Goal of the exercise: With the pictures omitted, print exactly the lines below, from the one containing "mattresses-banner.png" through the one containing "Parallel Parking Banner", and nothing else.

Given records:
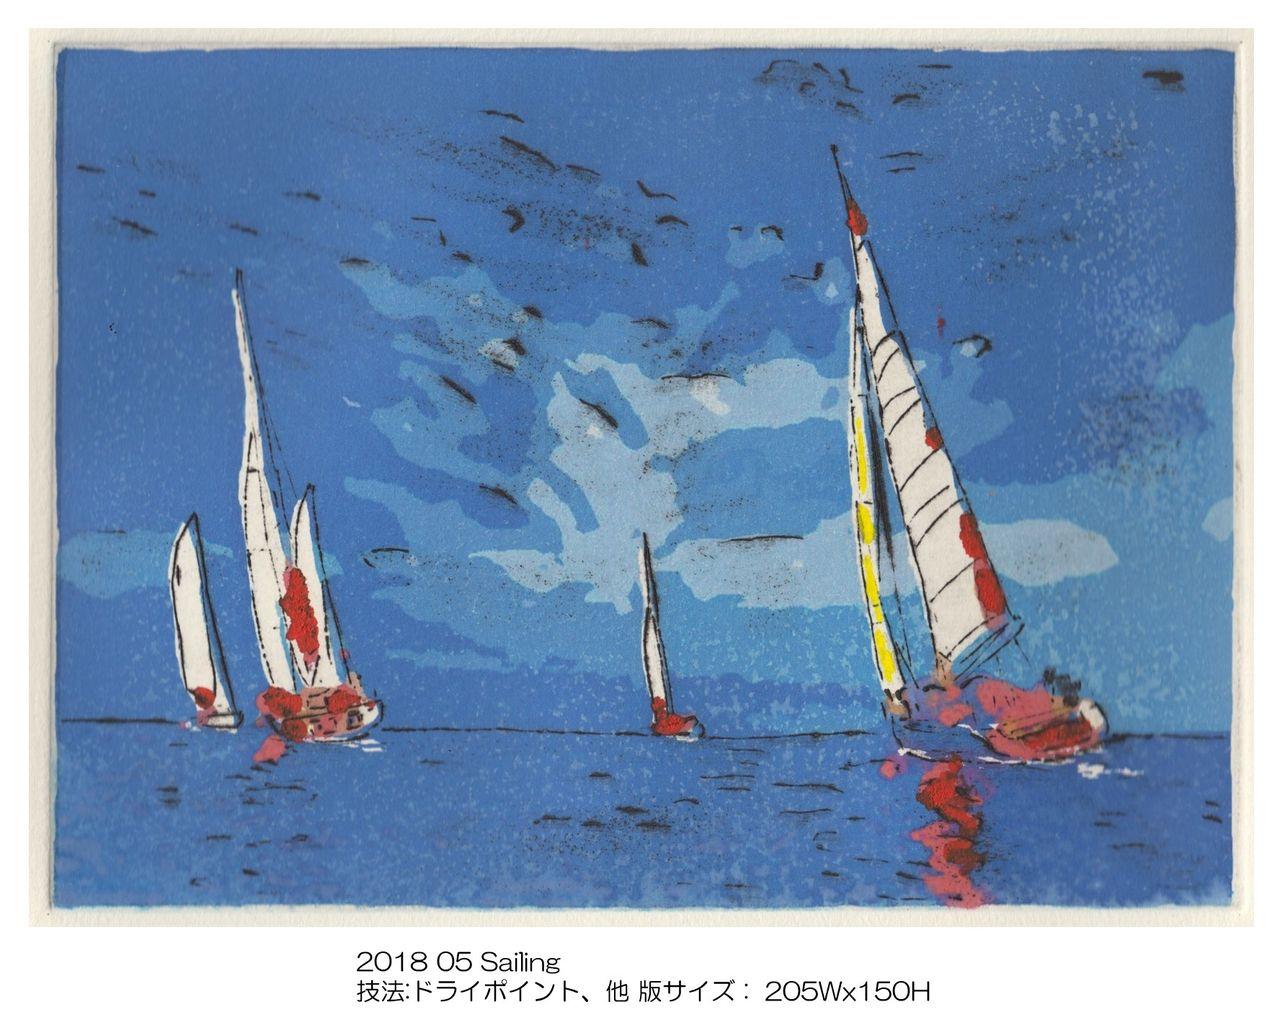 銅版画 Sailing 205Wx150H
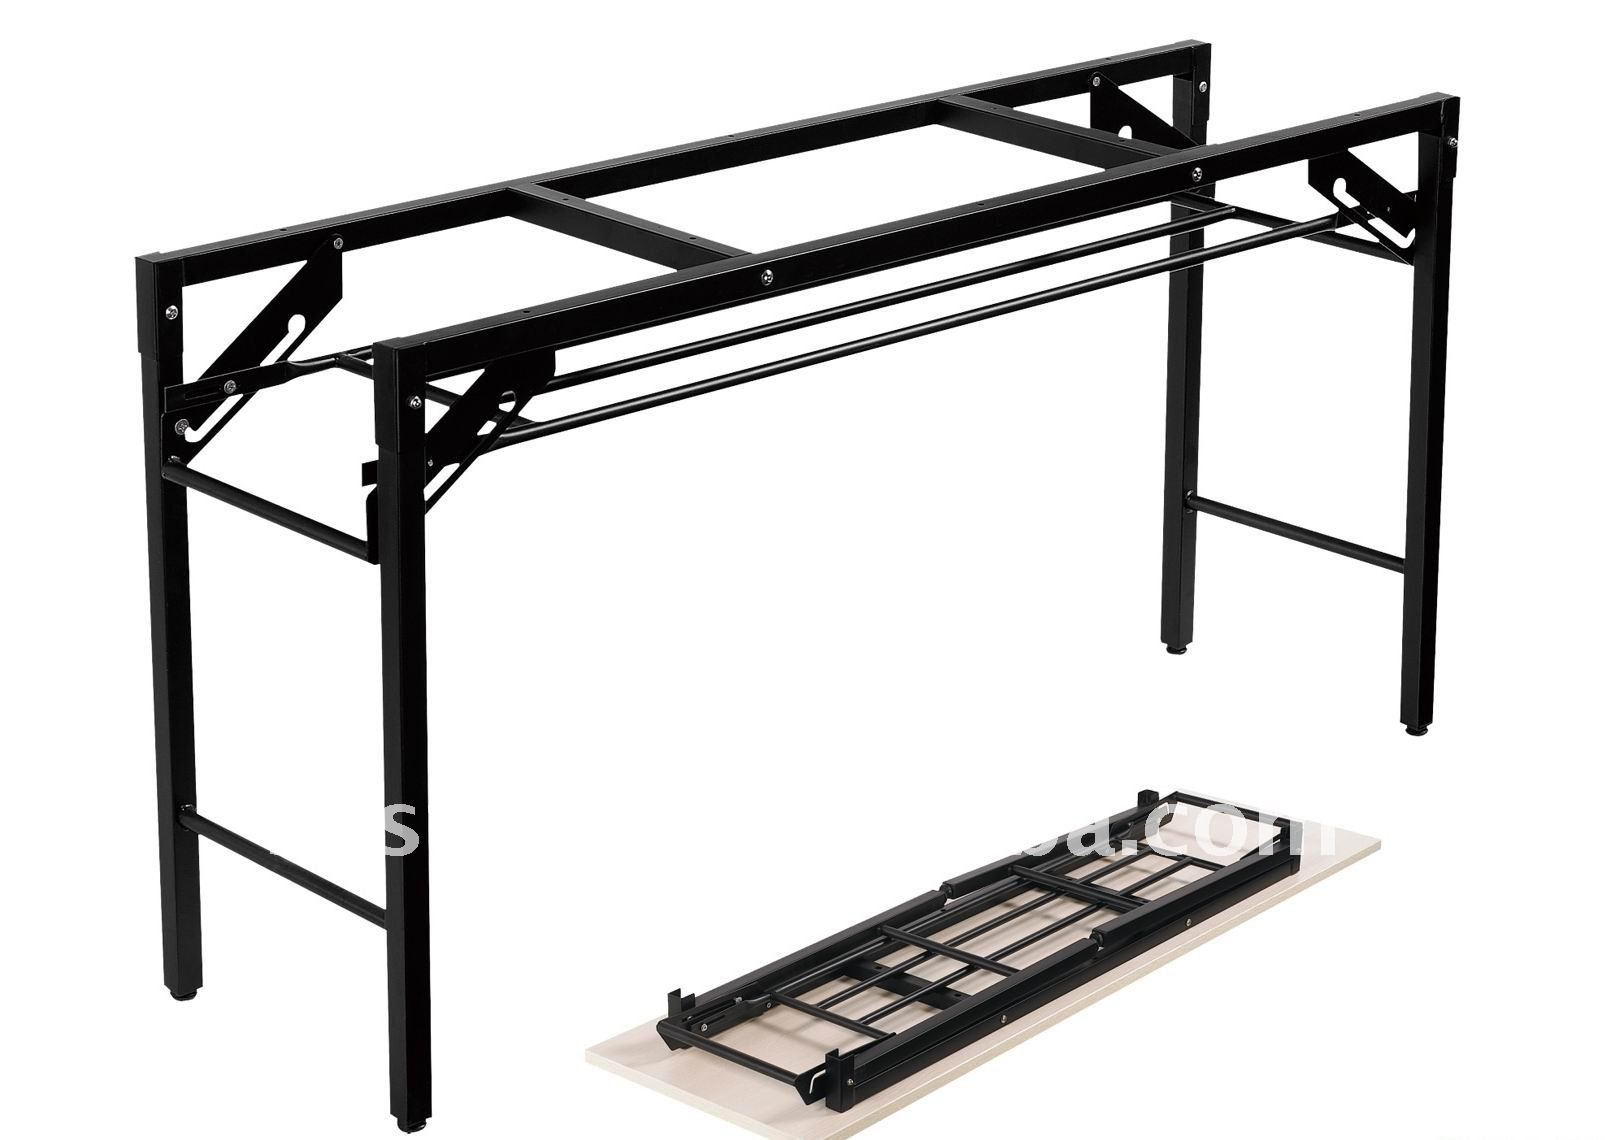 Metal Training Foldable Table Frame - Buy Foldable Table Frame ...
---
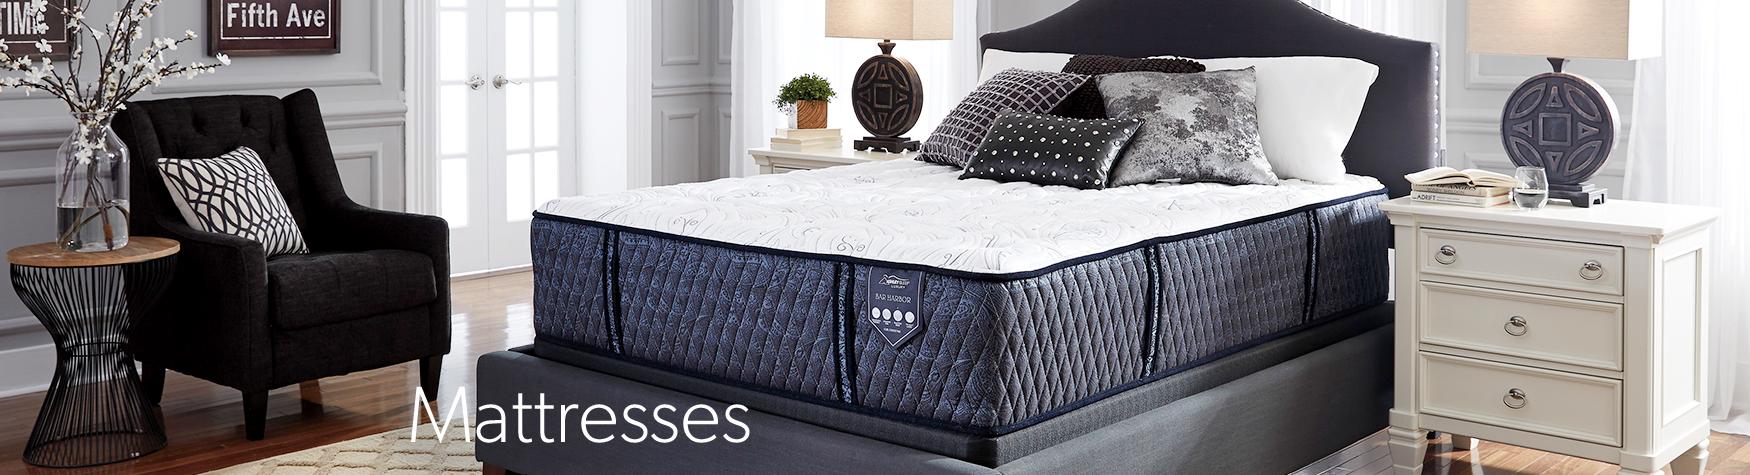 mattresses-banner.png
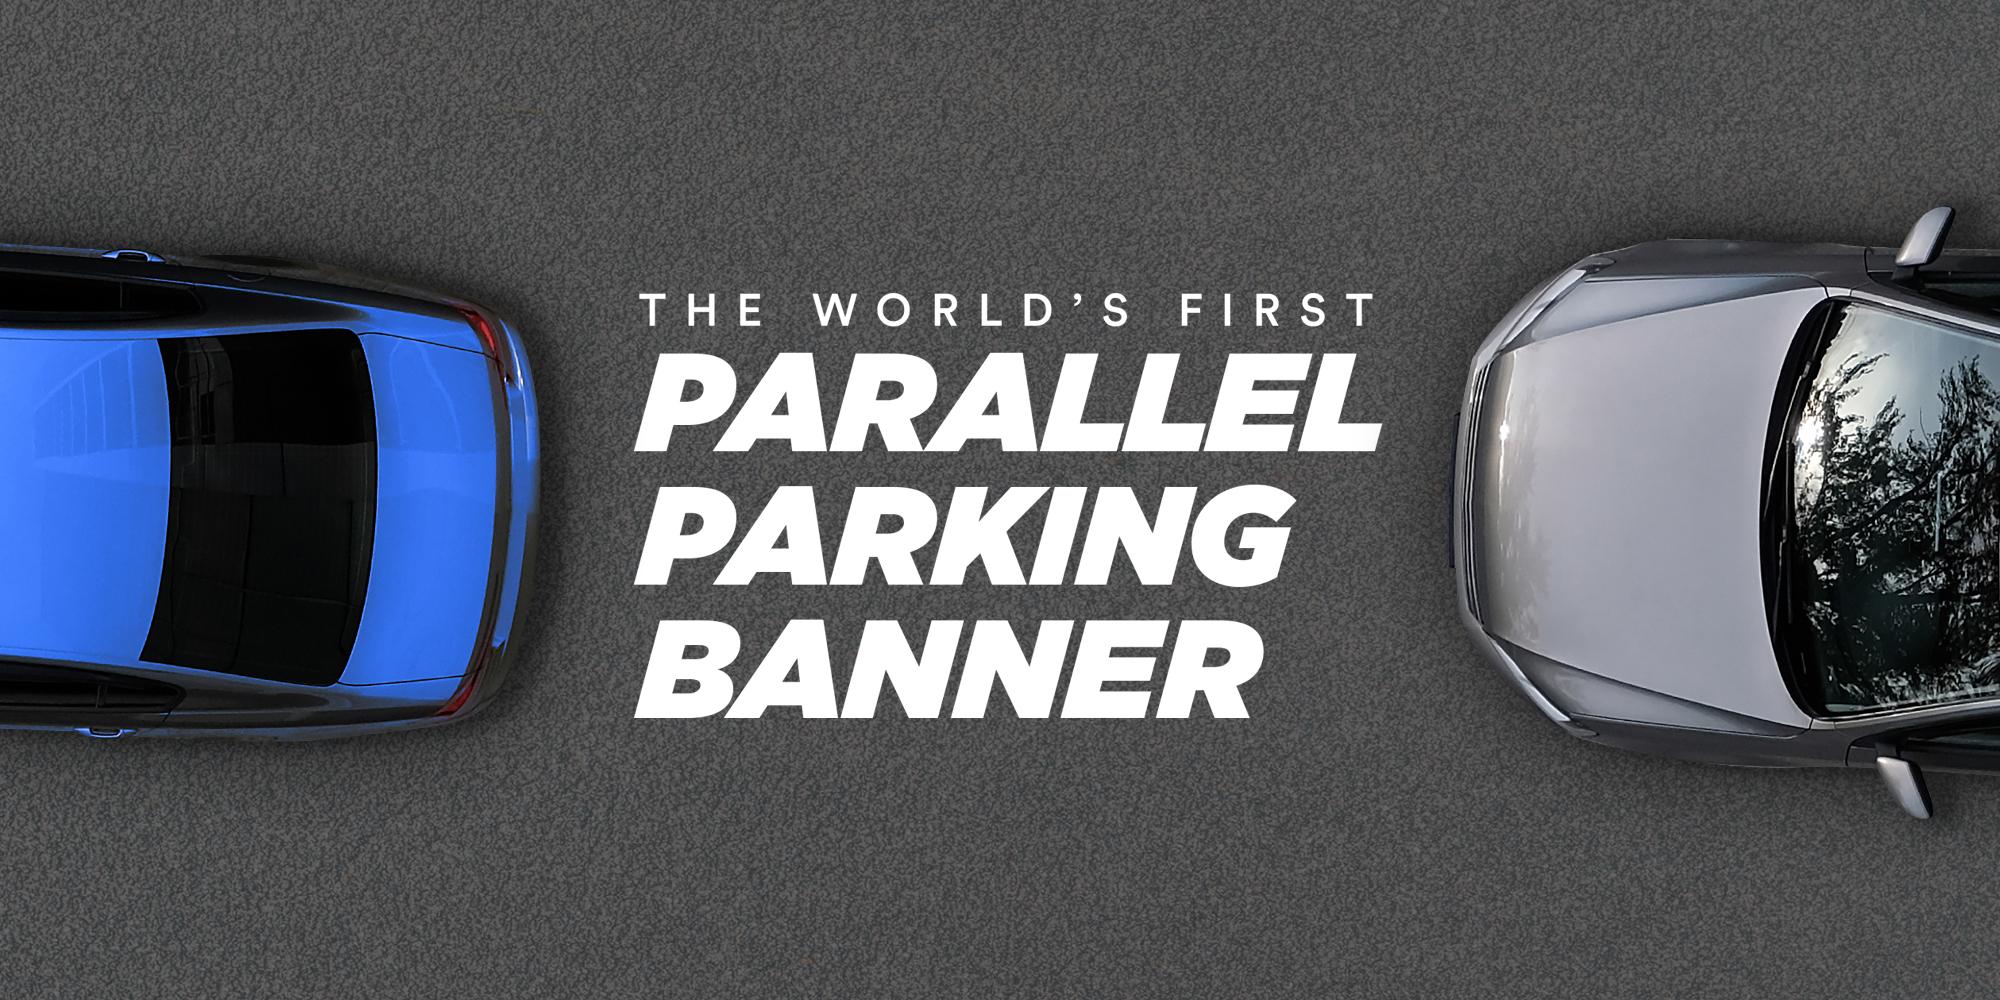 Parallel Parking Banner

Reply:
 mattresses-banner.png
 Parallel Parking Banner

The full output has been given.